━━━━━ Raw data
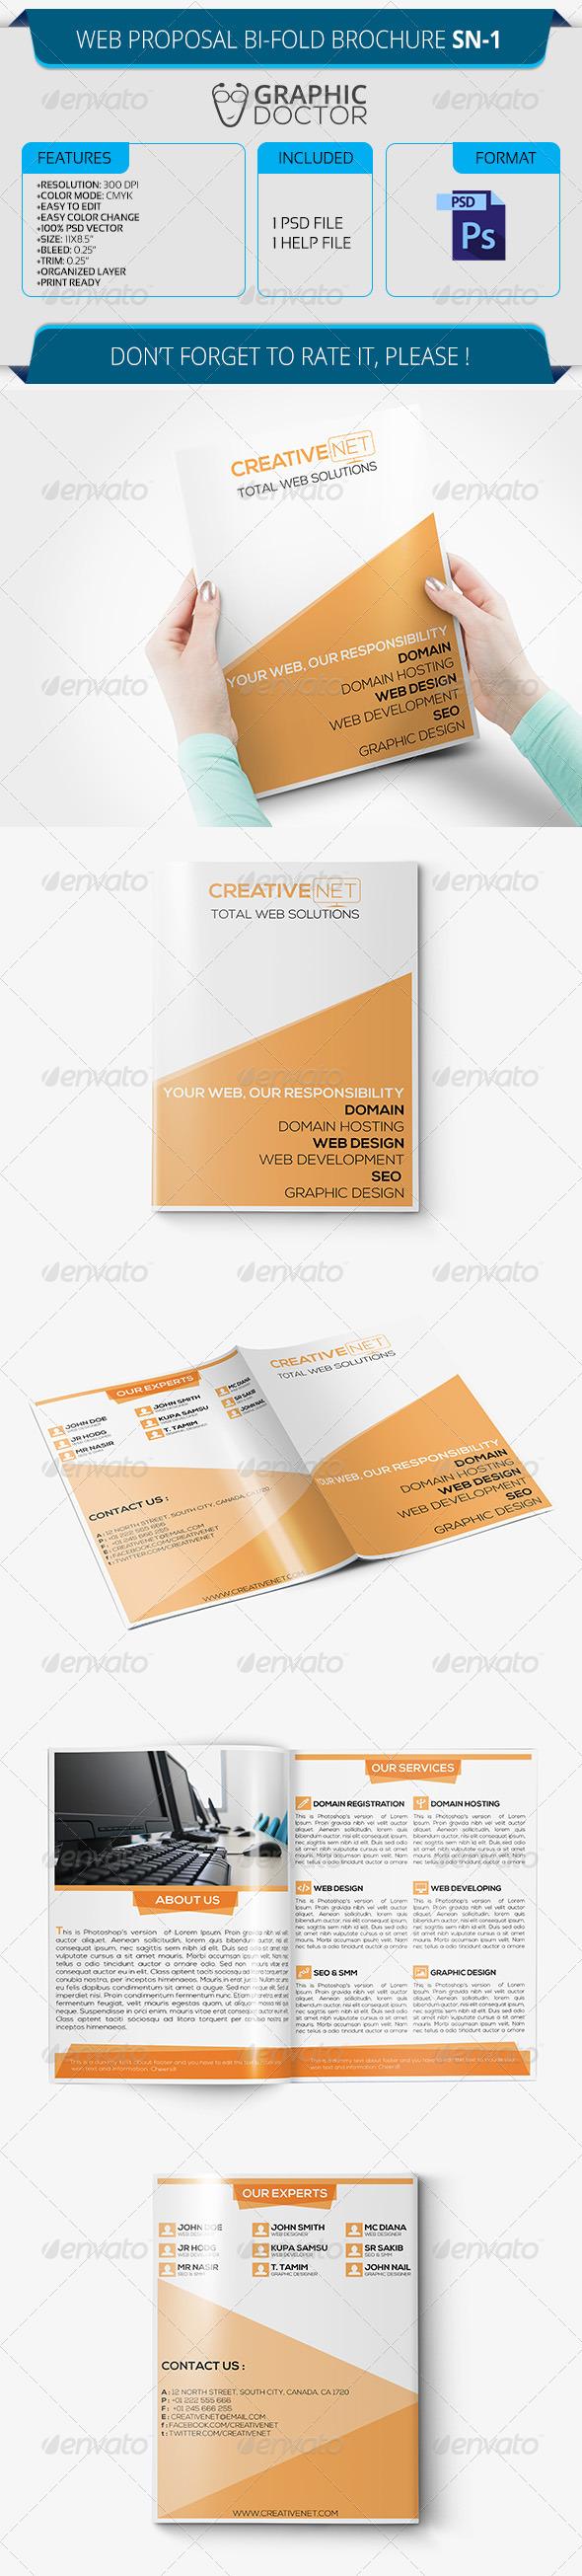 Web Proposal Bi-Fold Brochure SN-1 - Corporate Brochures
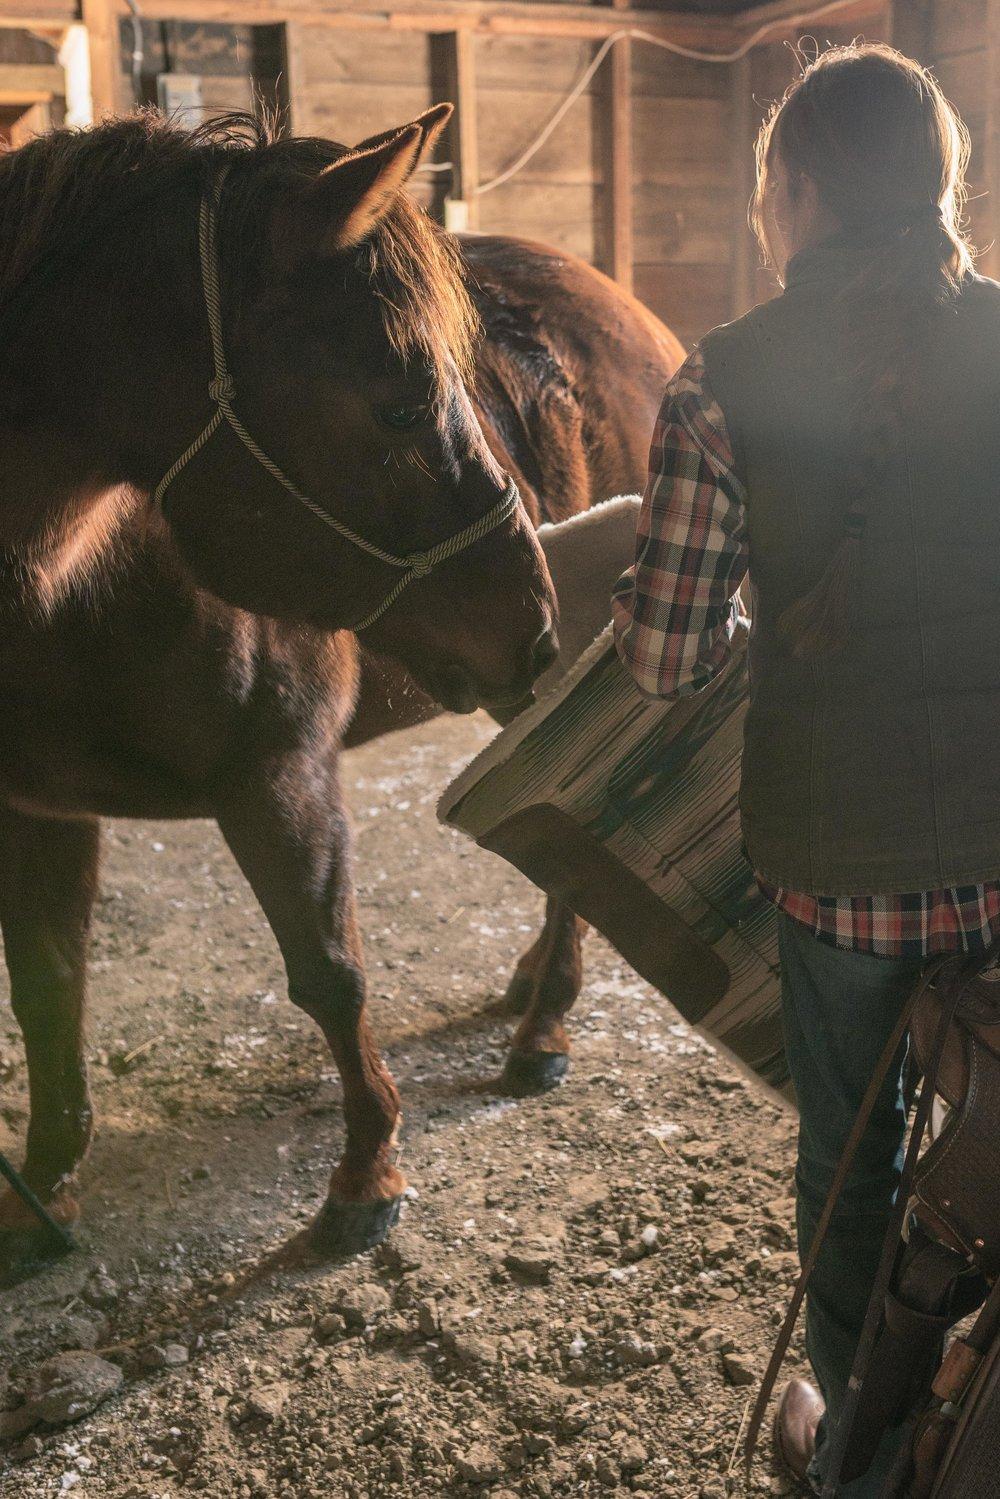 Jenna Flatgard wearing Tecovas while working her horse in her barn in eastern Montana.
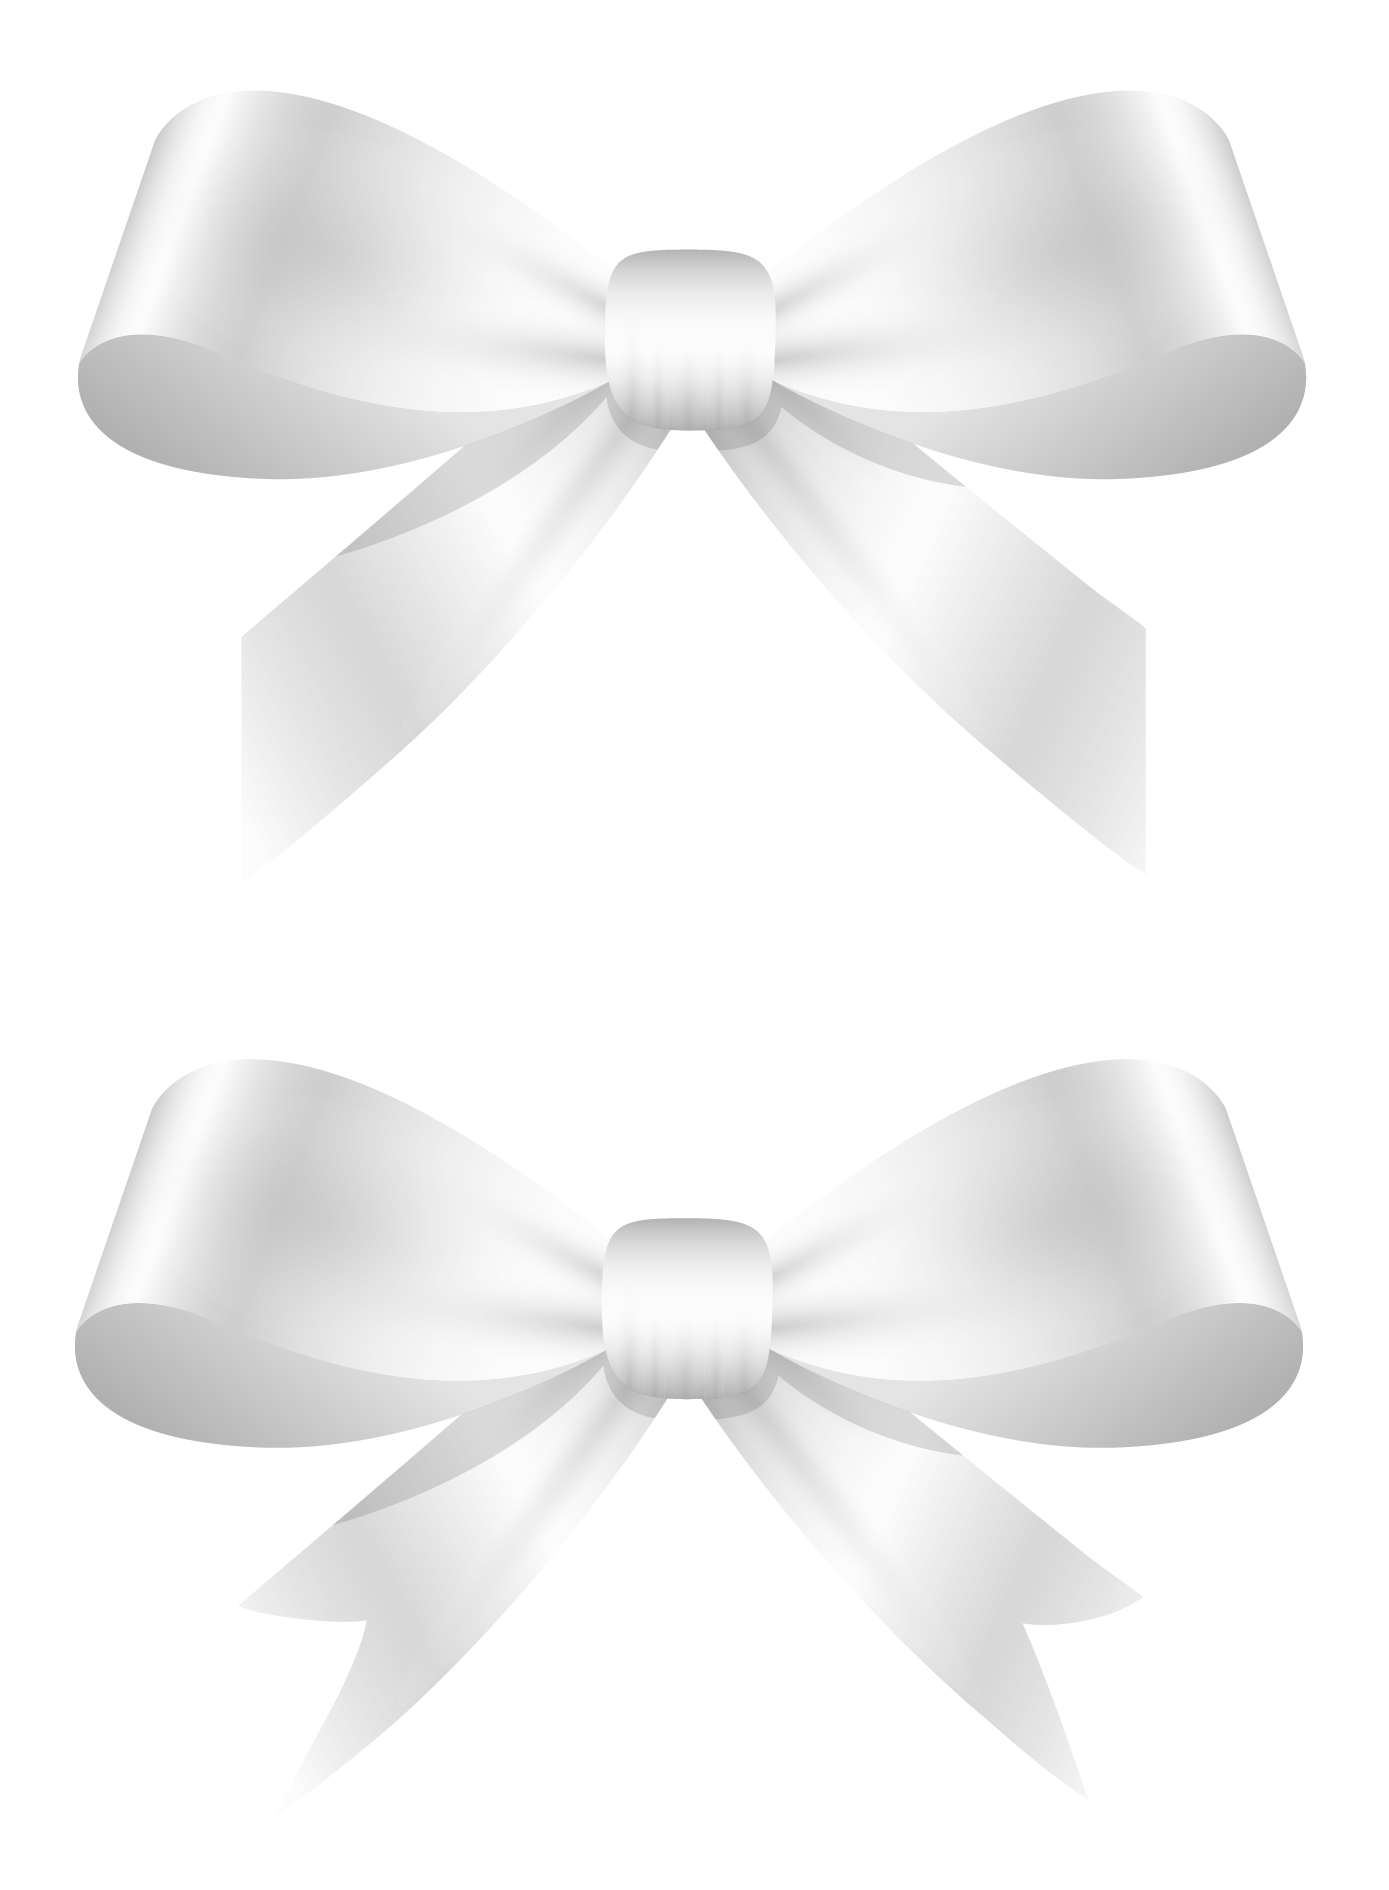 Pin by Ummuhan Yanbolu on Desenler.
━━━━━━━━━━
Having located the line with "Jenna Flatgard wearing", transcribe exactly and only the lines from it to the final line of the material, skipping the pictures.

#### Result of the task
 Jenna Flatgard wearing Tecovas while working her horse in her barn in eastern Montana.
 Pin by Ummuhan Yanbolu on Desenler.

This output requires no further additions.